Li Jie, Wu Wei, Fink James B
Department of Cardiopulmonary Sciences, Division of Respiratory Care, Rush University Medical Center, 1620 W Harrison St, Tower LL1202, Chicago, IL, 60612, USA.
Department of Critical Care Medicine, Shanghai Zhongshan Hospital, Fu Dan University, Shanghai, China.
Intensive Care Med Exp. 2020 Jan 31;8(1):6. doi: 10.1186/s40635-020-0293-7.
Compared to continuous vibrating mesh nebulizer (VMN), inspiration synchronized VMN has shown increased inhaled dose during noninvasive ventilation; however, its use during aerosol delivery via high-flow nasal cannula (HFNC) is still unknown.
An adult manikin was connected to a dual-chamber model lung, which was driven by a critical care ventilator to simulate spontaneous breathing. A HFNC system was utilized with temperature at 37 ° C while gas flow at 5, 10, 20, 40, and 60 L/min. Inspiration synchronized and continuous aerosol generation were compared at different positions (at the inlet of humidifier vs close to patient). One milliliter of albuterol (2.5 mg/mL) was used in each run (n = 3). Collection filter was placed at the trachea and was removed after each run. Drug was eluted from the filter and assayed with UV spectrophotometry (276 nm).
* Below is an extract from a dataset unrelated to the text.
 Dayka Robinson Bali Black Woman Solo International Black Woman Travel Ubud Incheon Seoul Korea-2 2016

When nebulizer was placed close to patient, inhaled dose was higher with inspiration synchronized than continuous aerosol generation at all gas flows (p = 0.05) except at 5 L/min. When placed at the inlet of humidifier, compared to continuous, inspiration synchronized aerosol generated higher inhaled dose with gas flow set below 50% of patient inspiratory flow [23.9 (20.6, 28.3)% vs 18.1 (16.7, 19.6)%, p < 0.001], but lower inhaled dose with gas flow set above 50% of patient inspiratory flow [3.5 (2.2, 9.3)% vs 9.9 (8.2, 16.4)%, p = 0.001]. Regardless of breathing pattern, continuous aerosol delivered greater inhaled dose with nebulizer placed at humidifier than close to patient at all gas flows except at 5 L/min.
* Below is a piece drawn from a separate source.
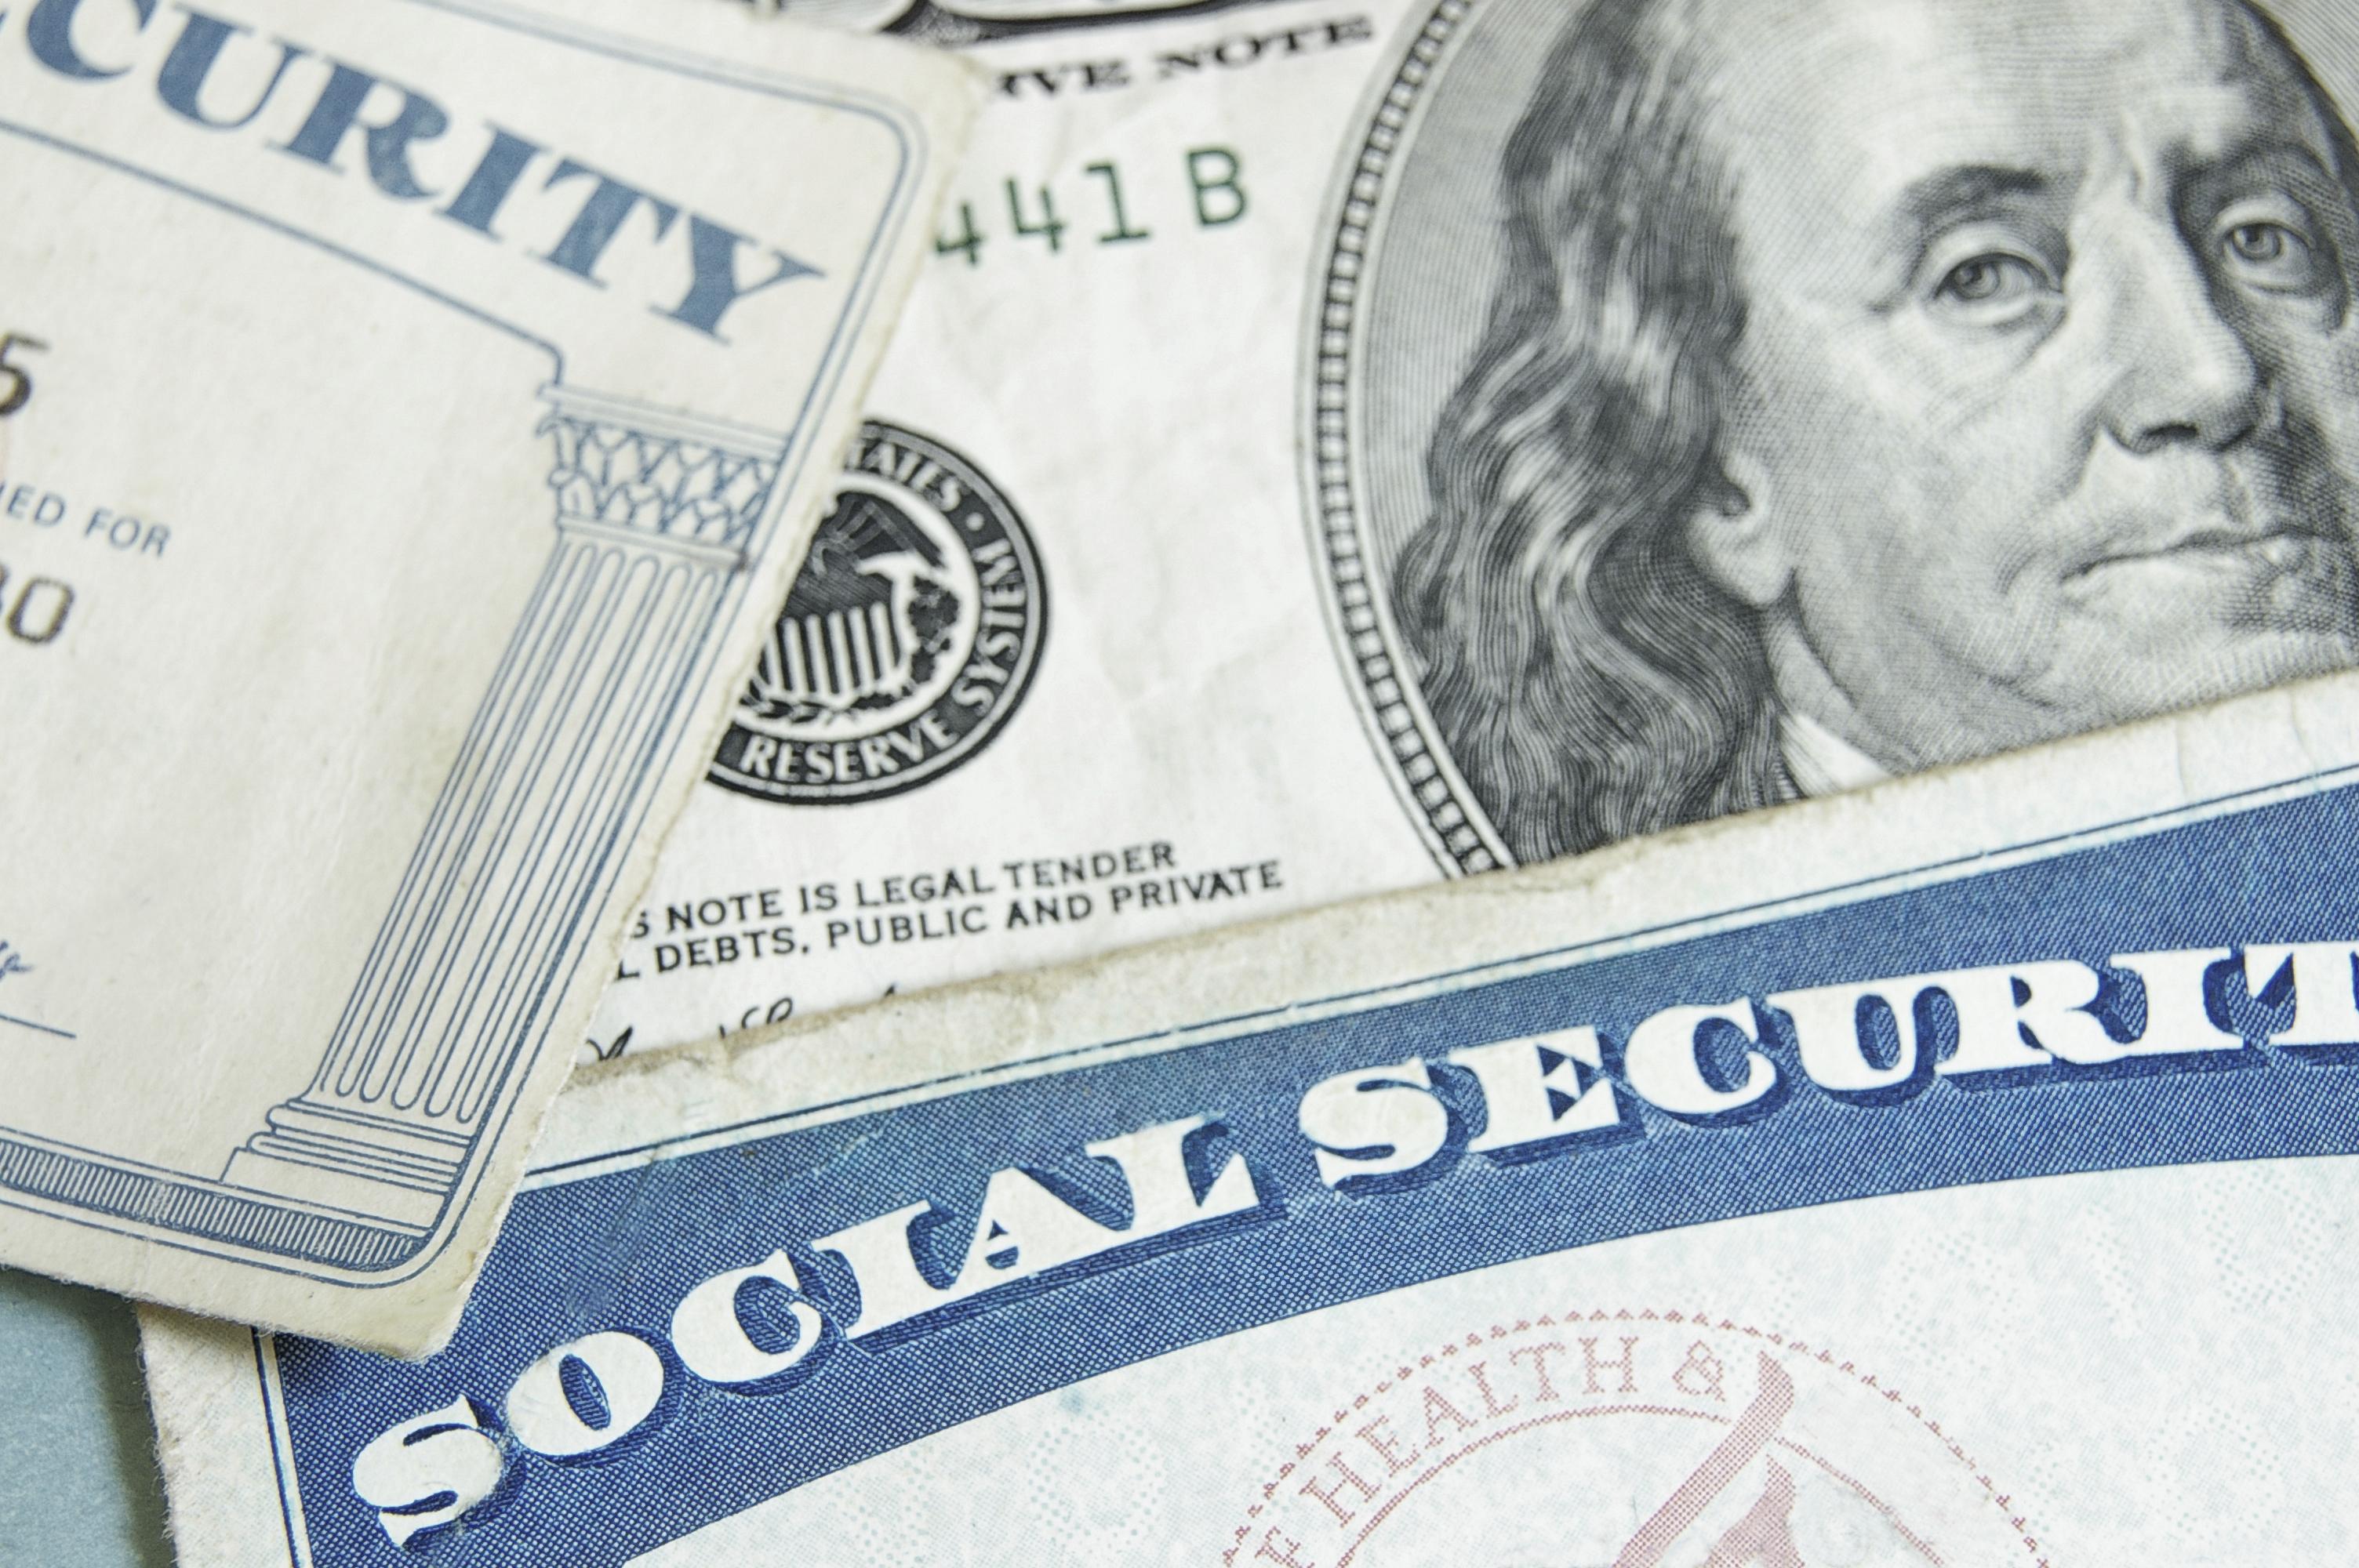 Social Security card next to a hundred-dollar bill

When the HFNC gas flow was set higher than 50% of patient inspiratory flow, no significant advantage was found in inspiration synchronized over continuous aerosol. However, inspiration synchronized aerosol generated 30% more inhaled dose than continuous with gas flow set below 50% of patient inspiratory flow, regardless of nebulizer placement. Continuous nebulizer needs to be placed at the inlet of humidifier.
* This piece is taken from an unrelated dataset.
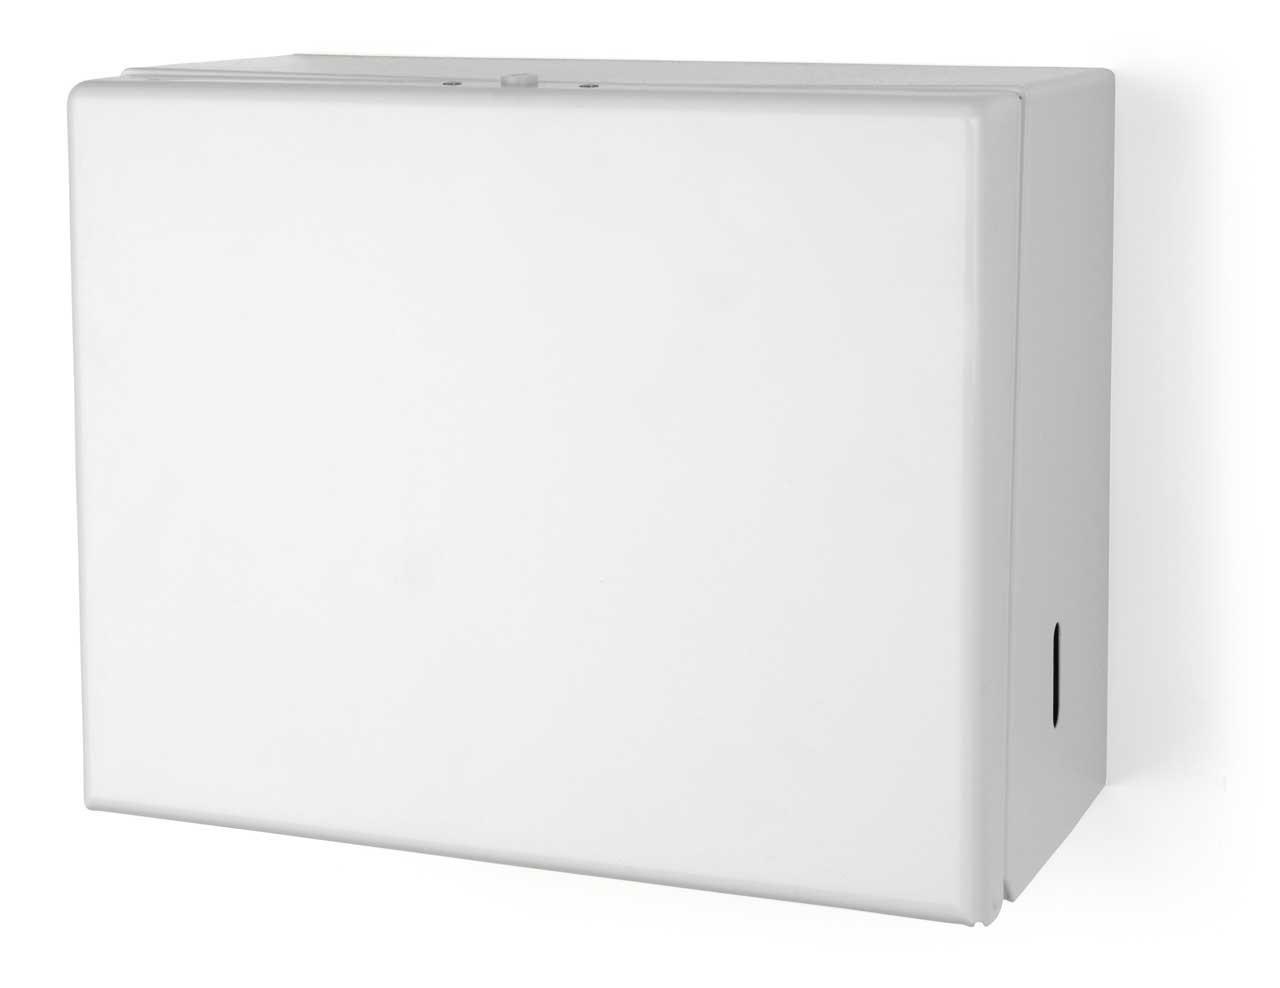 Palmer Fixture T91 Singlefold Towel Dispenser

与连续振动网式雾化器(VMN)相比,吸气同步VMN在无创通气期间显示吸入剂量增加;然而,其在通过高流量鼻导管(HFNC)进行气溶胶输送期间的应用仍不明确。
将一个成人人体模型连接到一个双腔模型肺,该模型肺由一台重症监护呼吸机驱动以模拟自主呼吸。使用HFNC系统,温度设定为37°C,气体流量分别为5、10、20、40和60L/min。在不同位置(加湿器入口处与靠近患者处)比较吸气同步和气溶胶持续产生的情况。每次运行使用1毫升沙丁胺醇(2.5mg/mL)(n = 3)。在气管处放置收集过滤器,每次运行后取出。从过滤器中洗脱药物并用紫外分光光度法(276nm)进行测定。
当雾化器靠近患者放置时,除5L/min外,在所有气体流量下,吸气同步时的吸入剂量均高于气溶胶持续产生时的吸入剂量(p = 0.05)。当放置在加湿器入口处时,与持续产生相比,吸气同步气溶胶在气体流量设定为患者吸气流量的50%以下时产生更高的吸入剂量[23.9(20.6,28.3)%对18.1(16.7,19.6)%,p < 0.001],但在气体流量设定为患者吸气流量的50%以上时吸入剂量较低[3.5(2.2,9.3)%对9.9(8.2,16.4)%,p = 0.001]。无论呼吸模式如何,除5L/min外,在所有气体流量下,当雾化器放置在加湿器处时,持续产生的气溶胶输送的吸入剂量均大于靠近患者处。
当HFNC气体流量设定高于患者吸气流量的50%时,吸气同步气溶胶与持续产生的气溶胶相比无显著优势。然而,无论雾化器放置位置如何,当气体流量设定低于患者吸气流量的50%时,吸气同步气溶胶产生的吸入剂量比持续产生的多30%。持续雾化器需放置在加湿器入口处。